The findings of Becta research (2003) of a sample of 170 teachers, listed “lack of confidence” as one of the key barriers to uptake of ICT in the classroom. Over 21% of the responses were related to confidence issues. The Becta literature review on ‘Barriers to uptake of ICT by teachers’ (2004) illustrates how there are close relationships between the barrier caused by a lack of teacher confidence and several other barriers such as lack of personal access to ICT, lack of competence or technical problems.
Teacher motivation
The ACM model (Access, Competence and Motivation Model proposed by Viherä and Nurmela, 2001) cited in pan-European benchmarking study can be used to explain the propensity to the use of computers and internet by teachers in classroom situations at schools.
Access to technology and associated resources is clearly a precursor for successful integration of ICT in the classrooms. Among teachers who do not use computers at school, access is the biggest problem. However, among those who do use computers at school, the motivation to use computers in the classroom is a cause for concern.
While access and competence are somewhat correlated, motivation (gauged through the attitude that using computers in classrooms results in significant learning benefits) does not show any correlation with the two other variables. Overall, about 24% of the teachers lacked motivation, though they had either competence or access and competence both.
As in any organization, employee motivation is affected by organizational policies; teacher motivation for ICT integration is affected by the school culture and ICT policy. Cuban et al. (2001) cited in Jones (2004), suggest that the school as an institution may in itself be resistant to the kinds of change needed for the successful integration of ICT.
The school management must encourage teachers to adopt ICT and back it up with adequate support in terms of training, equipment and resources. Training teachers cannot be a one-off event covering issues like how to use a particular software/ hardware. It should be in the form of a longer term professional development program. Support can be continued through peer groups that may be ICT enabled and in the form of web sites, discussion groups, and e-mail communities.
The school management and senior staff must clearly demonstrate leadership by example and personal involvement in any new and major ICT initiatives. Encouraging experimentation through incentives is important while at the same time, failure should not be looked down upon.

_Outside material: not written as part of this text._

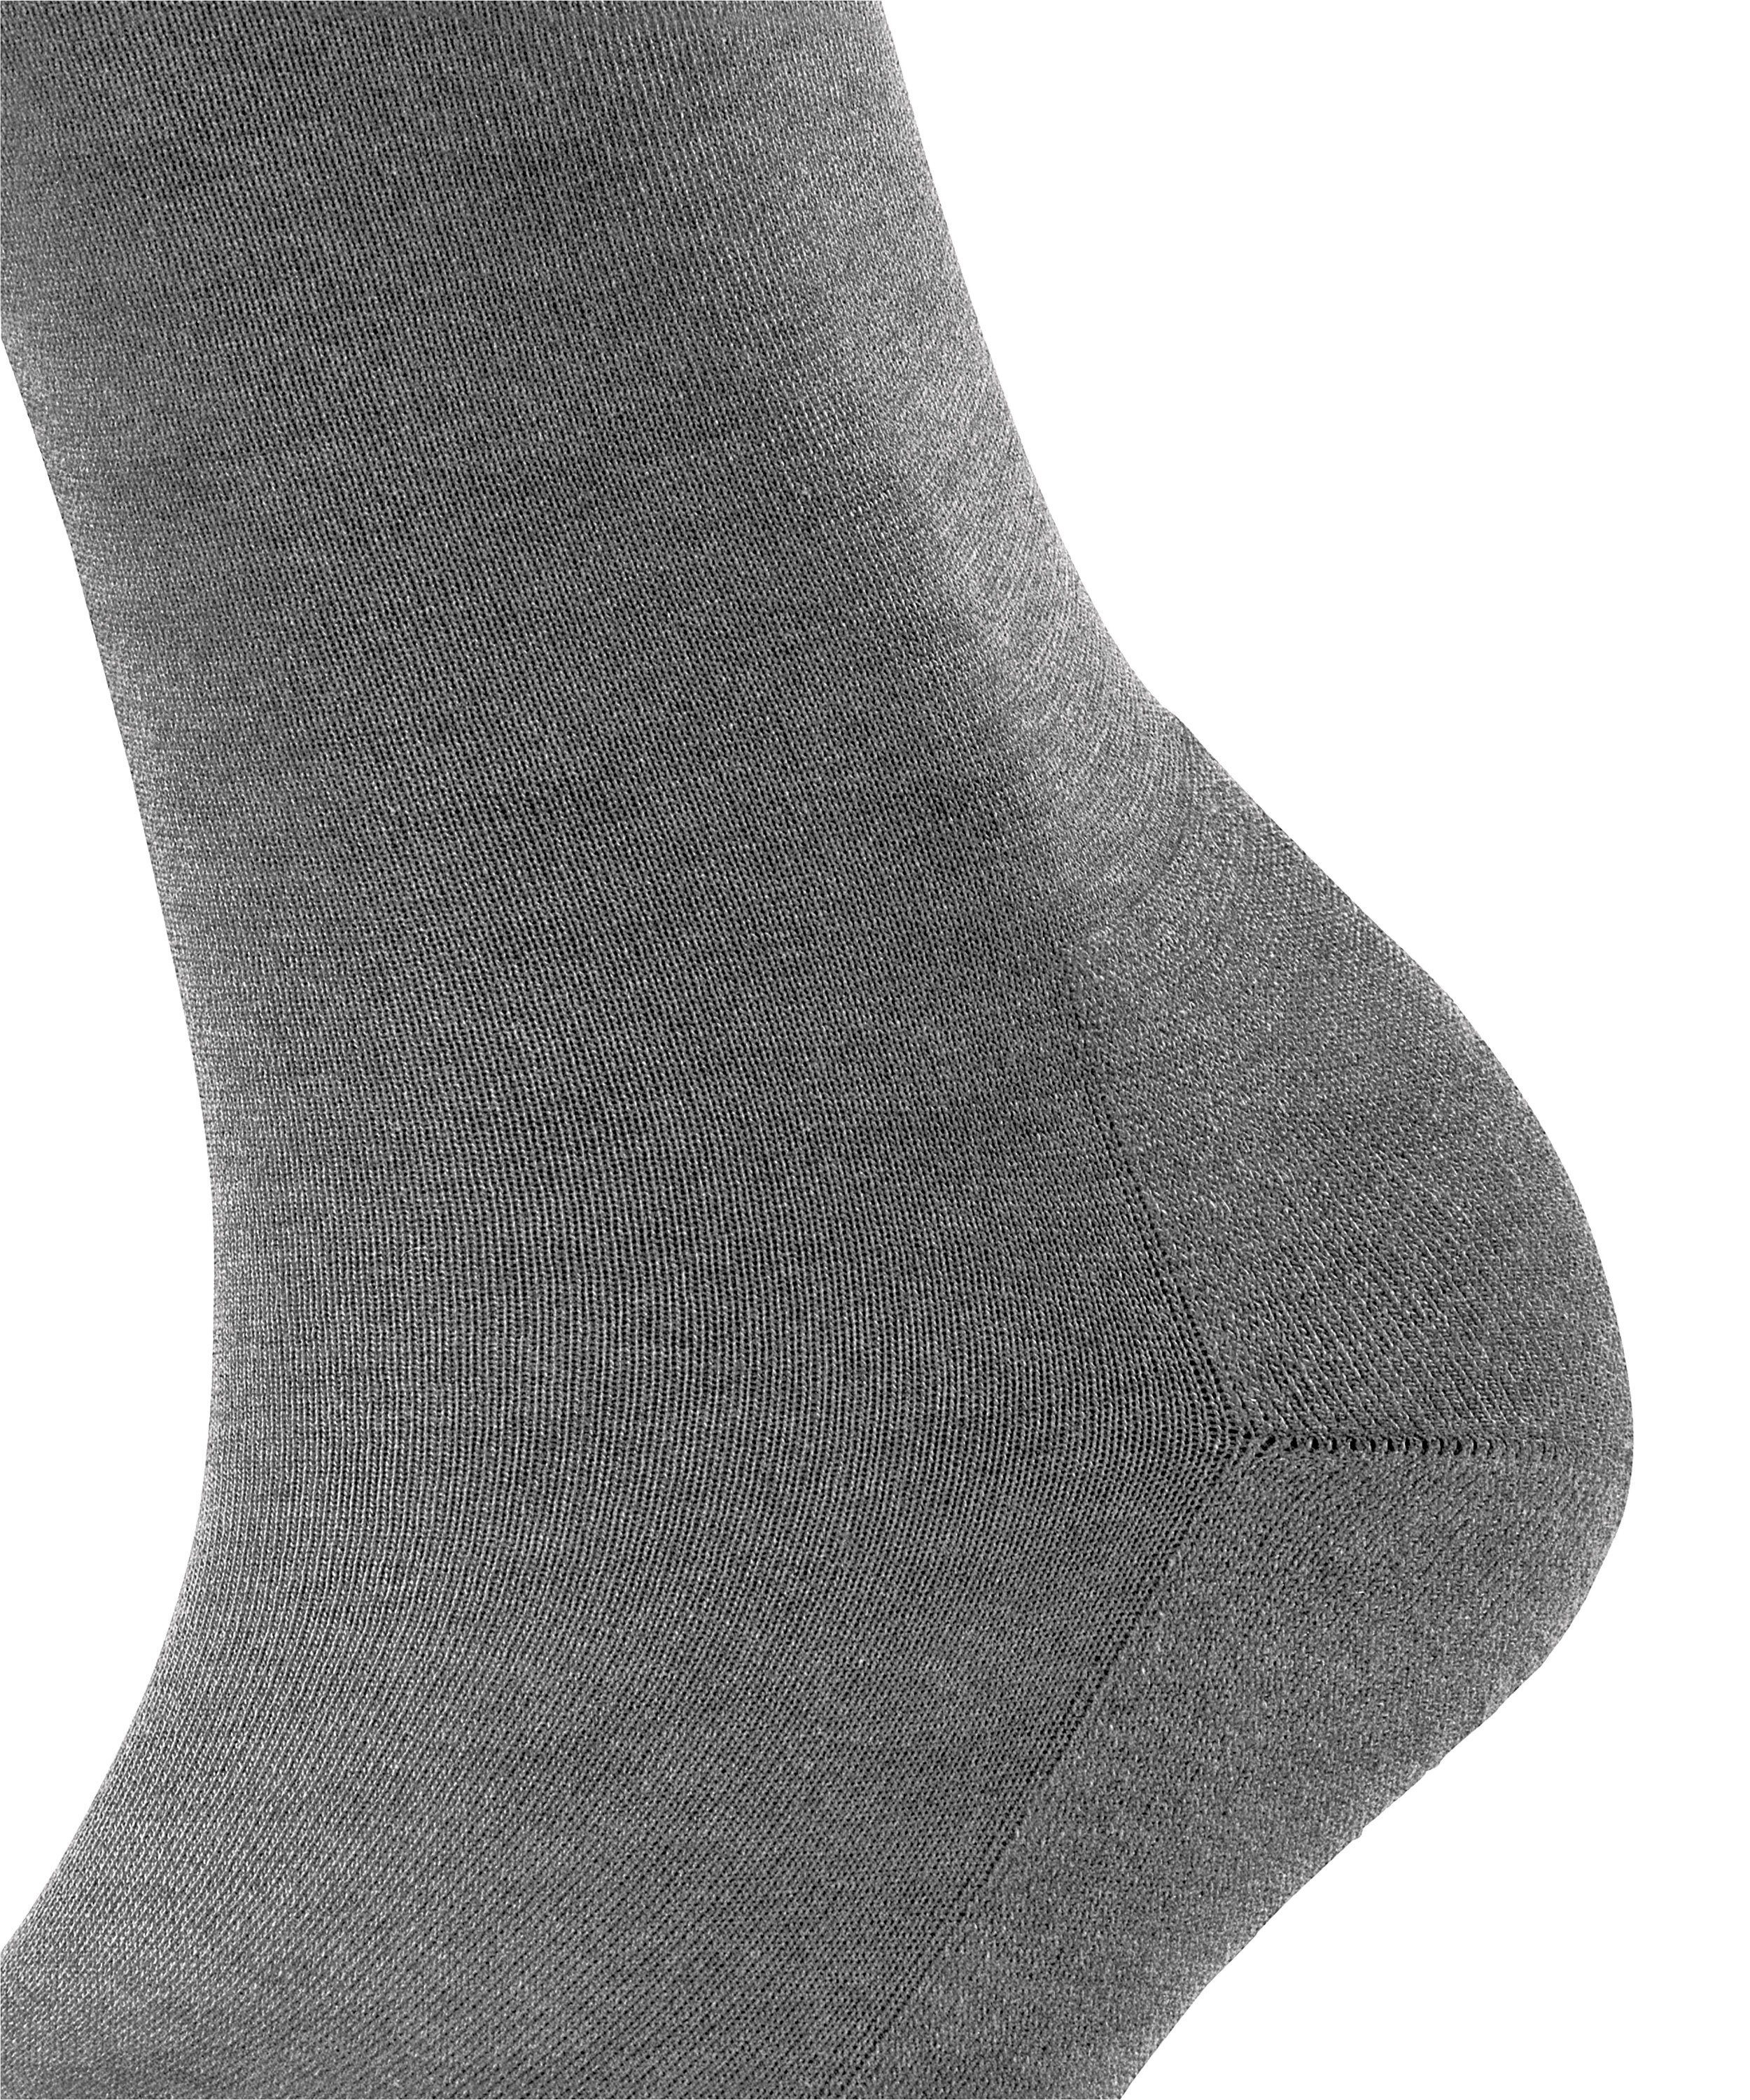 (1-Paar) light greymel. Socken (3216) FALKE ClimaWool

All school policies, internal communication, administration, assessments and maybe even extra-curricular activities must reflect their seriousness about ICT. Hayes (2007) highlights how whole-school approaches have positive effects – the entire school benefits instead of a few individuals, involves all stakeholders in the process of ICT integration and provides an opportunity for pooling of skills and resources. Incentives may include certification, professional advancement, financial benefits, paid time off for research or training and formal or informal recognition at the school or local community.
In conclusion, I would like to reiterate that teacher attitude and beliefs, confidence and motivation as barriers for ICT are much more important than software and hardware investment. As Mahatma Gandhi said “Find purpose, the means will follow”.
References
What the research says about barriers to use of ICT in teaching. (2003): Becta ICT Research.
Benchmarking Access and Use of ICT in European Schools 2006. (2006): Empirica.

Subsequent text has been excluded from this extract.